Genome-wide SNP analysis is regarded as a good tool for identifying the homozygous state of pESCs 33, 34. In this study, a high-resolution SNP microarray (500K) was used to identify the homozygosity of chHES-32 cells. More than 99% of the analyzed sites either on the whole genome or on each chromosome showed homozygosity. The heterozygous sites detected made up less than 1% and were distributed normally on each chromosome. They can therefore be regarded as the error of the technology; according to the results of a recent study, the error rate is normally 2-5% when using the same high-resolution SNP microarray to analyze hESCs 34. Thus, we conclude that chHES-32 cells are a homozygous pESC line.

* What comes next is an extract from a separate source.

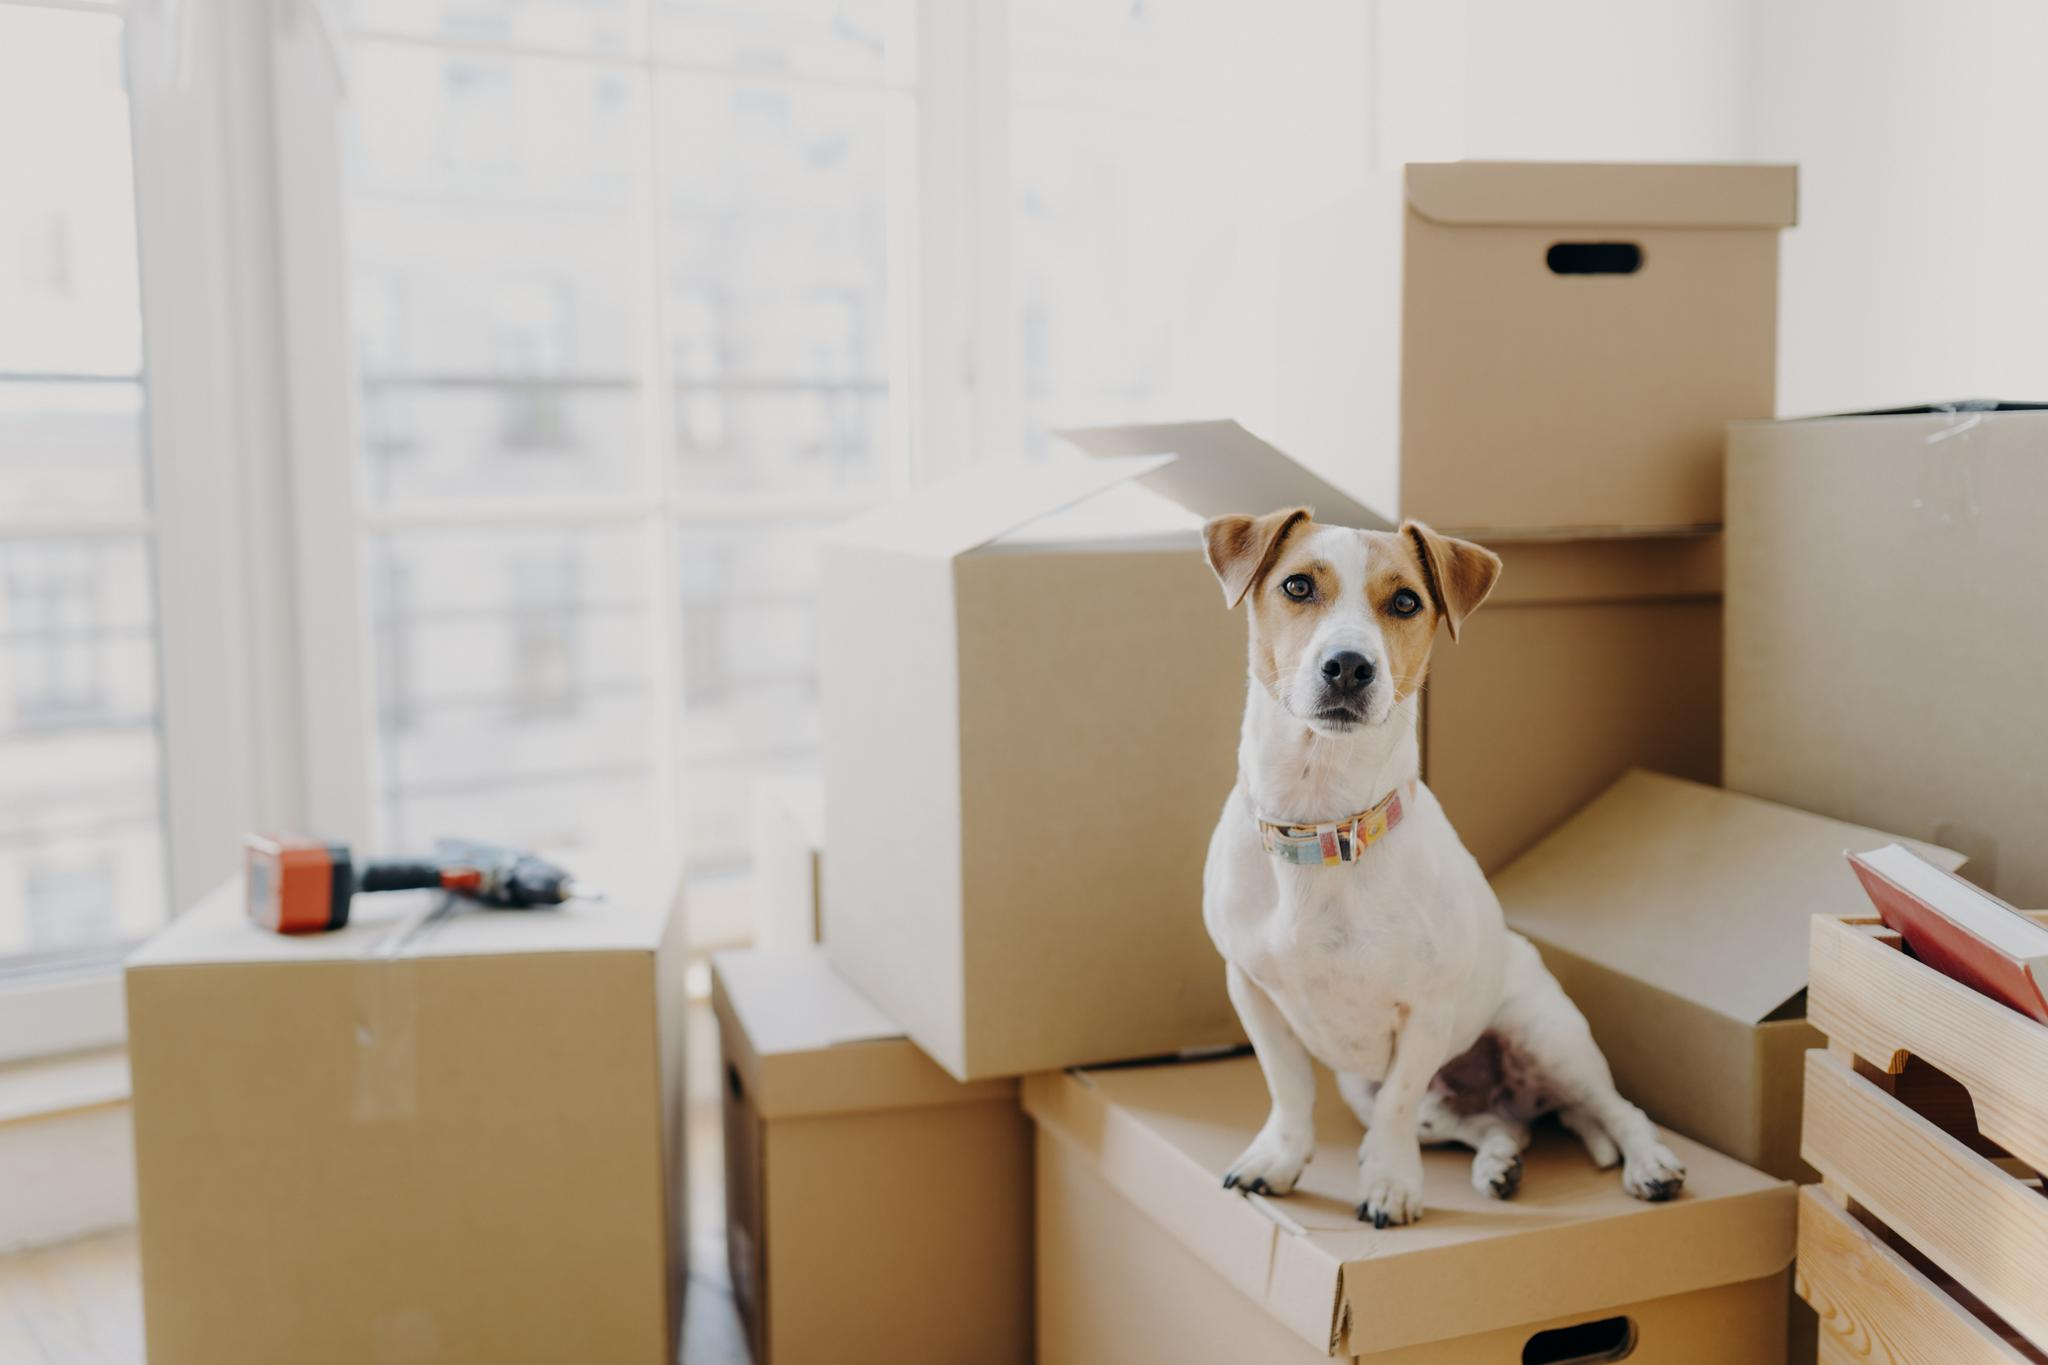 Hund sitzt auf Stapel Umzugskartons vor einem Fenster

It is particularly interesting to compare the homozygous state of this cell line with the pESCs that are derived from artificially activated oocytes in mice 32, 33 and in humans 13, 34. Artificial parthenogenesis is routinely induced by activating MII oocytes and preventing second polar body extrusion, which is thought to produce diploid embryos that are more likely to develop to the blastocyst stage 9, 13, 31, 32, 33. This method has been proved to produce efficient pESCs, but only predominantly heterozygous pESCs could be obtained owing to early recombination events 13, 32, 33, 34. These cells could be used as autologous stem cells for the oocyte donor, but were of limited use for storage in the hESC bank owing to the heterozygosity of HLA loci. In mice, the incidence of heterozygosity of the major histocompatibility complex (MHC) is 33% in pESCs 33. In recent studies in humans, all established pESCs were heterozygous in HLA loci 13, 34.

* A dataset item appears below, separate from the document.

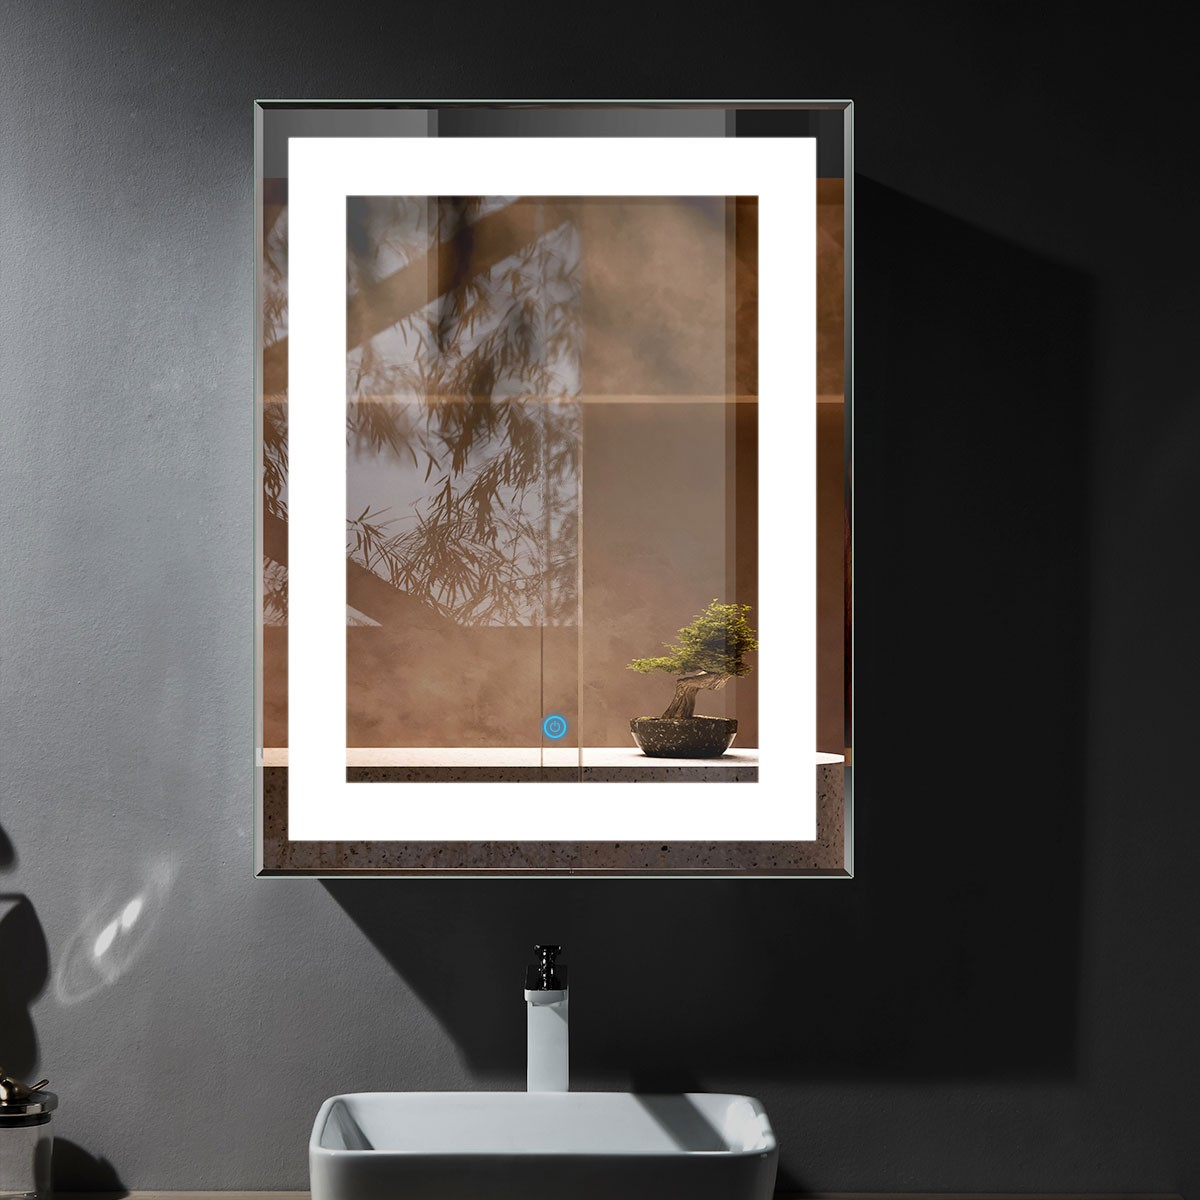 28 x 36 po miroir de salle de bain LED vertical avec bouton tactile (DK-OD-CK168-I)

Parthenogenesis can also be induced by artificially activating MII oocytes without preventing second polar body extrusion, which results in a one-pronuclear oocyte with a haploid genome. Haploid cells cannot contribute to the post-implantation development of the embryo unless a spontaneous duplication of the haploid genome (diploidization) occurs 35. Pluripotent cell lines have been successfully derived from haploid mouse embryos after diploidization 36, 37. This may provide a putative source for homozygous pESC lines, since no more recombination events will occur in mitosis. The homozygous state of chHES-32 cells when compared with the predominantly heterozygous state in other established human pESC lines 13 suggests that this cell line might originally be haploid with a similar diploidization process to that in mouse occurring thereafter to produce a competent diploid genome for pluripotency. Thus, our results suggest that parthenogenetically activated haploid oocytes may be a source for generating homozygous ESC lines.


Here, we reported the first isolation and further characterization of a homozygous hESC line from a parthenogenetic oocyte following IVF treatment. The results indicate that clinical 'unwanted' one-pronuclear oocytes can be a source for human pESCs, and highlight an alternative strategy of parthenogenetic activation to obtain homozygous hESC lines. This cell line also provides a model to study the function of imprinted genes in cell differentiation.

(Supplementary Information is linked to the online version of the paper on the Cell Research website.)